» **Given material**
»»
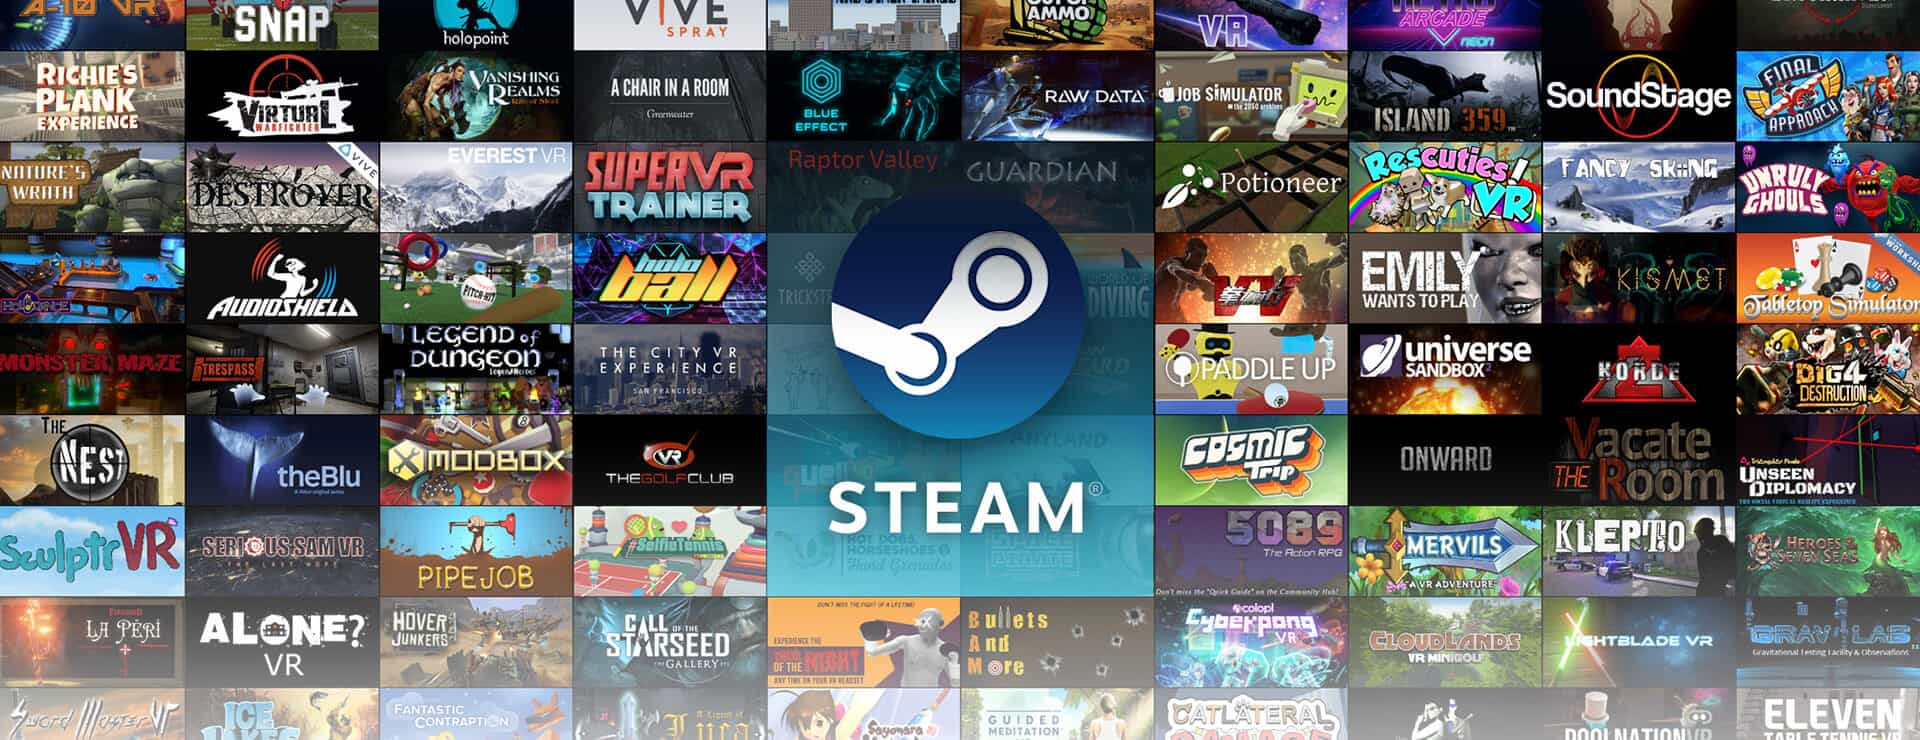 SteamVR exits early access on Windows Mixed Reality - OnMSFT.com - May 1, 2018
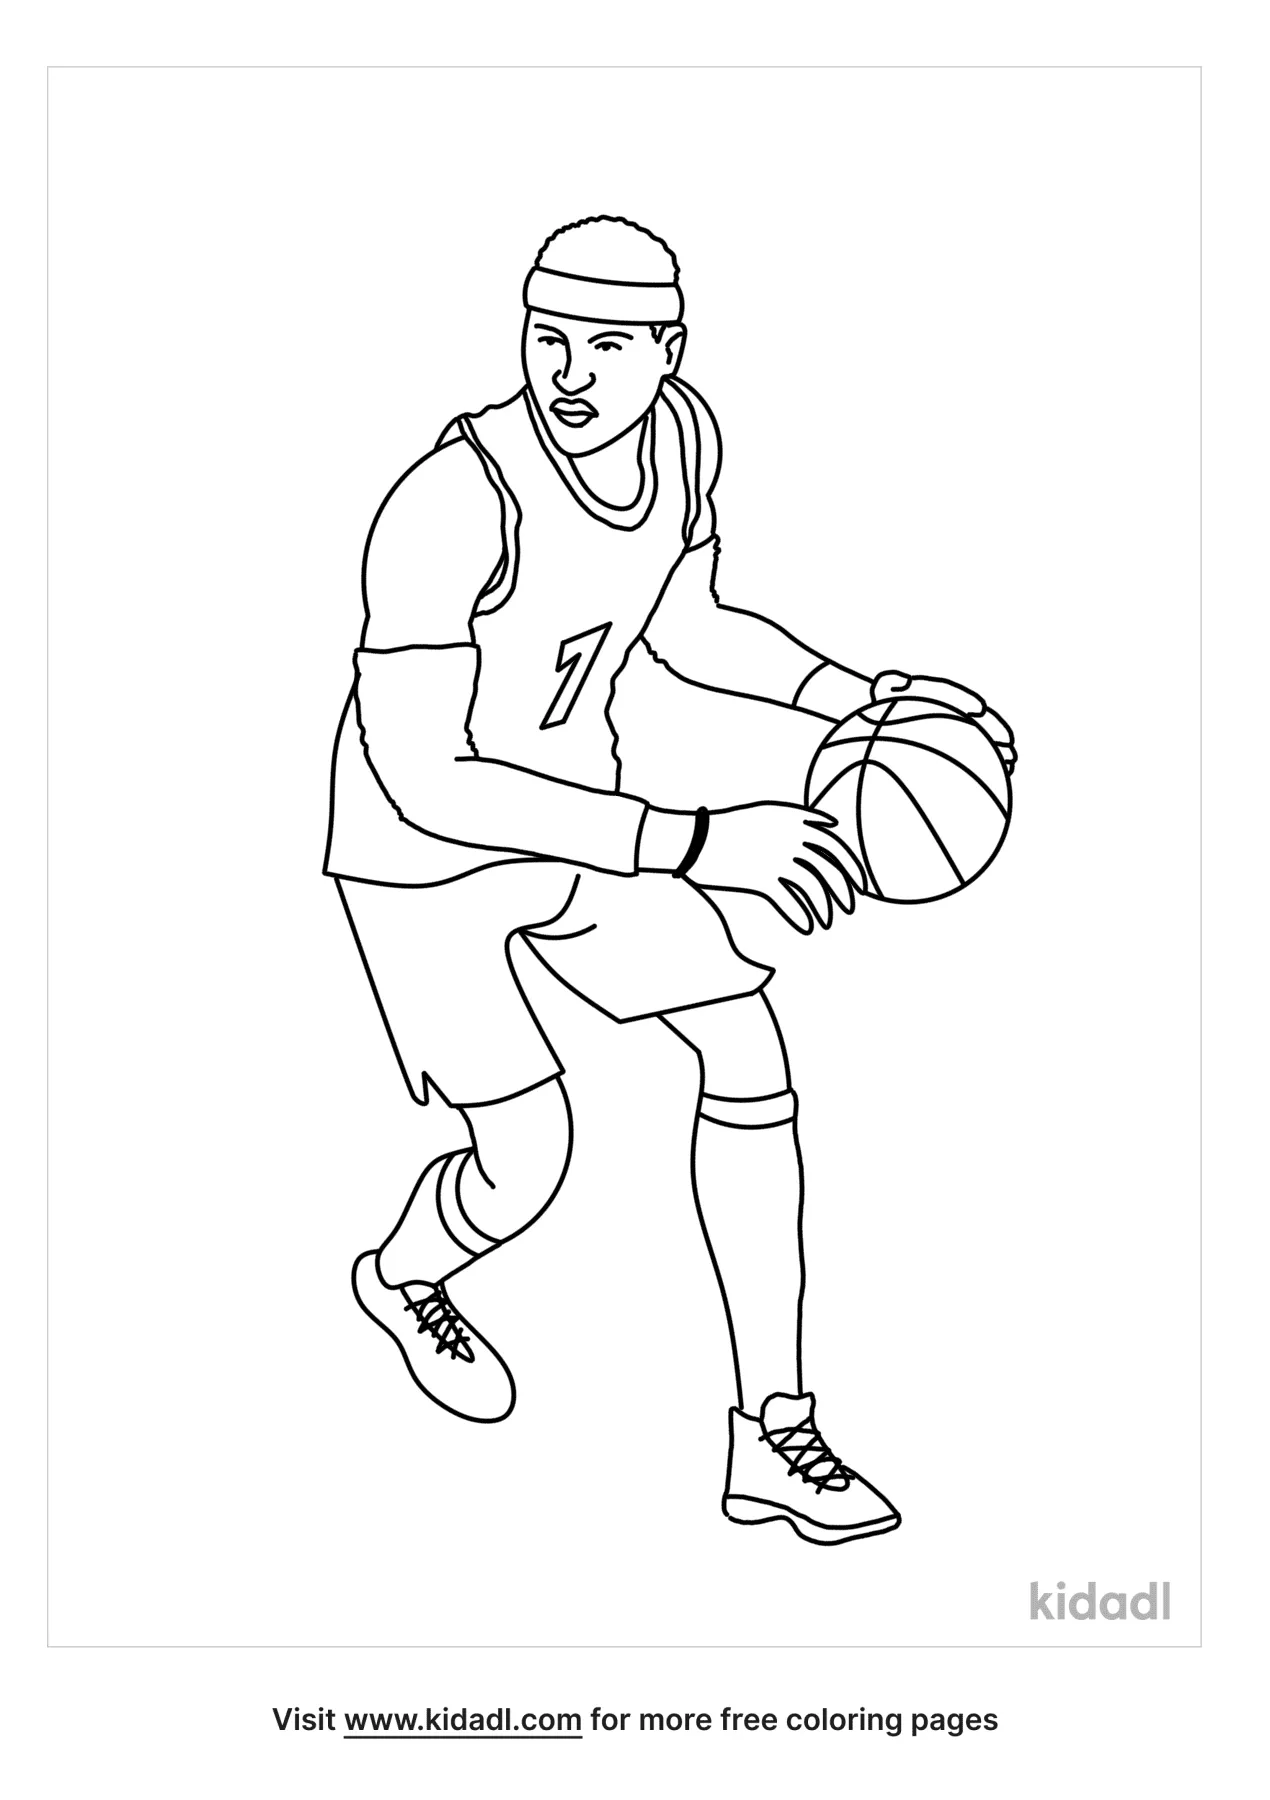 Free Carmelo Anthony Coloring Page | Coloring Page Printables | Kidadl
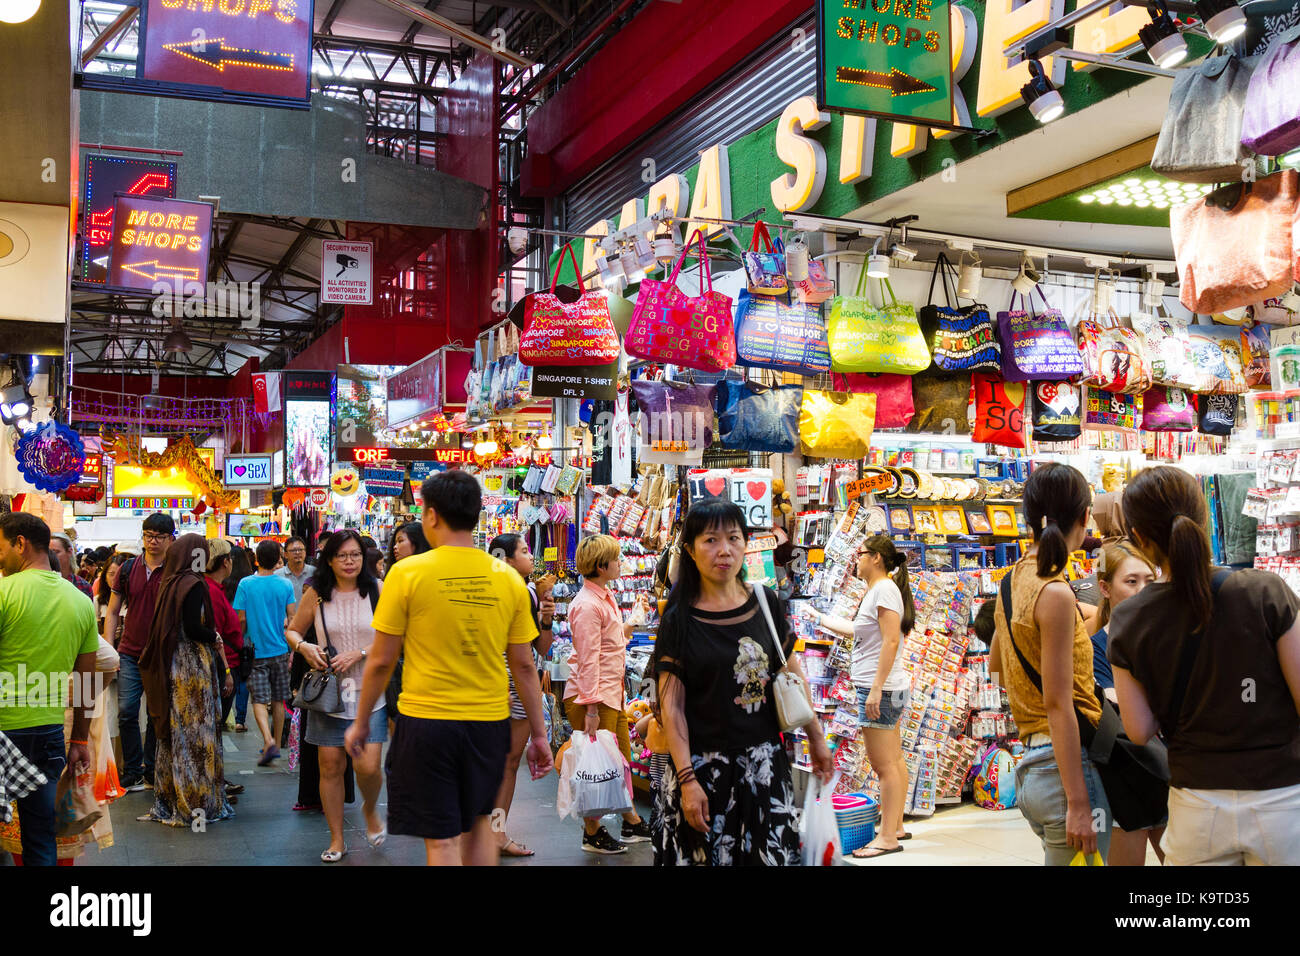 SINGAPORE - SEPTEMBER 7 ,2017: Shoppers at the famous Bugis Street Market, a bargain place renowned for cheap food; clothing, souvenirs, electronics,  Stock Photo
««
Once the pictures are set aside, give the listing again word for word.

» **Answer section**
 SteamVR exits early access on Windows Mixed Reality - OnMSFT.com - May 1, 2018
 Free Carmelo Anthony Coloring Page | Coloring Page Printables | Kidadl
 SINGAPORE - SEPTEMBER 7 ,2017: Shoppers at the famous Bugis Street Market, a bargain place renowned for cheap food; clothing, souvenirs, electronics,  Stock Photo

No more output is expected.